A description of what love is.

from Symposium by Plato nonfiction ~5 min read

Love is young and also tender; he ought to have a poet like Homer to describe his tenderness, as Homer says of Ate, that she is a goddess and tender:

Her feet are tender, for she sets her steps,
Not on the ground but on the heads of men: herein is an excellent proof of her tenderness that,-she walks not upon the hard but upon the soft. Let us adduce a similar proof of the tenderness of Love; for he walks not upon the earth, nor yet upon skulls of men, which are not so very soft, but in the hearts and souls of both god, and men, which are of all things the softest: in them he walks and dwells and makes his home. Not in every soul without exception, for Where there is hardness he departs, where there is softness there he dwells; and nestling always with his feet and in all manner of ways in the softest of soft places, how can he be other than the softest of all things? Of a truth he is the tenderest as well as the youngest, and also he is of flexile form; for if he were hard and without flexure he could not enfold all things, or wind his way into and out of every soul of man undiscovered. And a proof of his flexibility and symmetry of form is his grace, which is universally admitted to be in an especial manner the attribute of Love; ungrace and love are always at war with one another. The fairness of his complexion is revealed by his habitation among the flowers; for he dwells not amid bloomless or fading beauties, whether of body or soul or aught else, but in the place of flowers and scents, there he sits and abides. Concerning the beauty of the god I have said enough; and yet there remains much more which I might say. Of his virtue I have now to speak: his greatest glory is that he can neither do nor suffer wrong to or from any god or any man; for he suffers not by force if he suffers; force comes not near him, neither when he acts does he act by force. For all men in all things serve him of their own free will, and where there is voluntary agreement, there, as the laws which are the lords of the city say, is justice. And not only is he just but exceedingly temperate, for Temperance is the acknowledged ruler of the pleasures and desires, and no pleasure ever masters Love; he is their master and they are his servants; and if he conquers them he must be temperate indeed. As to courage, even the God of War is no match for him; he is the captive and Love is the lord, for love, the love of Aphrodite, masters him, as the tale runs; and the master is stronger than the servant. And if he conquers the bravest of all others, he must be himself the bravest.

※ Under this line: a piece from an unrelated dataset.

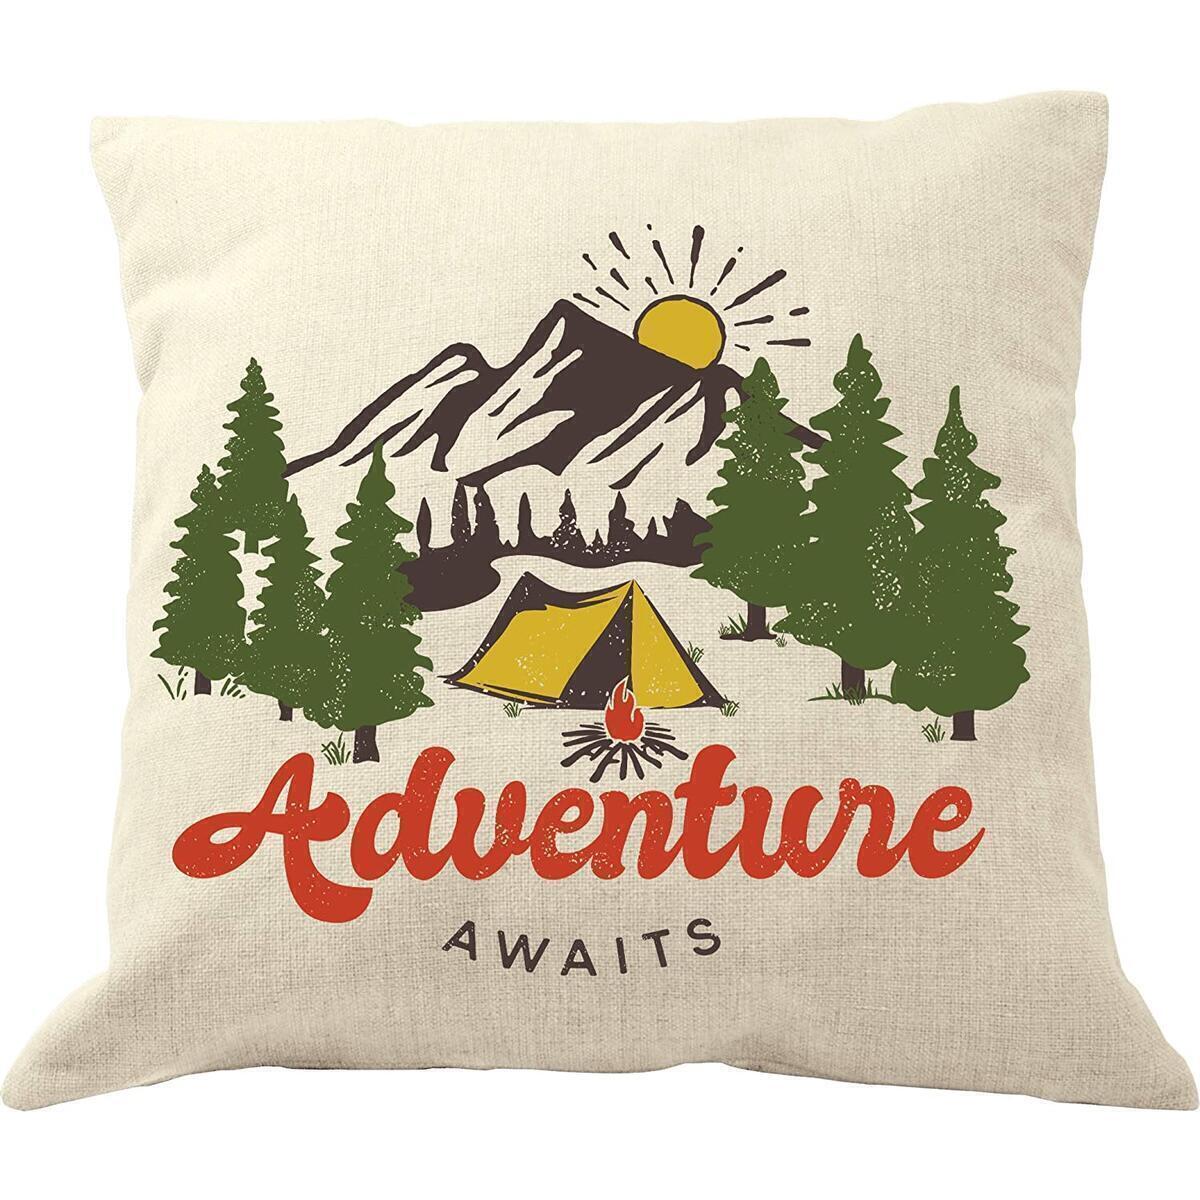 DrupsCo Adventure Awaits Pillow Cover - 18 x 18 Adventure Throw Pillow - Adventure Decor Throw Pillow Cover

Of his courage and justice and temperance I have spoken, but I have yet to speak of his wisdom-and according to the measure of my ability I must try to do my best. In the first place he is a poet (and here, like Eryximachus, I magnify my art), and he is also the source of poesy in others, which he could not be if he were not himself a poet. And at the touch of him every one becomes a poet, even though he had no music in him before; this also is a proof that Love is a good poet and accomplished in all the fine arts; for no one can give to another that which he has not himself, or teach that of which he has no knowledge. Who will deny that the creation of the animals is his doing? Are they not all the works his wisdom, born and begotten of him? And as to the artists, do we not know that he only of them whom love inspires has the light of fame?-he whom Love touches riot walks in darkness. The arts of medicine and archery and divination were discovered by Apollo, under the guidance of love and desire; so that he too is a disciple of Love. Also the melody of the Muses, the metallurgy of Hephaestus, the weaving of Athene, the empire of Zeus over gods and men, are all due to Love, who was the inventor of them. And so Love set in order the empire of the gods-the love of beauty, as is evident, for with deformity Love has no concern. In the days of old, as I began by saying, dreadful deeds were done among the gods, for they were ruled by Necessity; but now since the birth of Love, and from the Love of the beautiful, has sprung every good in heaven and earth. Therefore, Phaedrus, I say of Love that he is the fairest and best in himself, and the cause of what is fairest and best in all other things. And there comes into my mind a line of poetry in which he is said to be the god who

Gives peace on earth and calms the stormy deep,
Who stills the winds and bids the sufferer sleep. This is he who empties men of disaffection and fills them with affection, who makes them to meet together at banquets such as these: in sacrifices, feasts, dances, he is our lord-who sends courtesy and sends away discourtesy, who gives kindness ever and never gives unkindness; the friend of the good, the wonder of the wise, the amazement of the gods; desired by those who have no part in him, and precious to those who have the better part in him; parent of delicacy, luxury, desire, fondness, softness, grace; regardful of the good, regardless of the evil: in every word, work, wish, fear-saviour, pilot, comrade, helper; glory of gods and men, leader best and brightest: in whose footsteps let every man follow, sweetly singing in his honour and joining in that sweet strain with which love charms the souls of gods and men. Such is the speech, Phaedrus, half-playful, yet having a certain measure of seriousness, which, according to my ability, I dedicate to the god.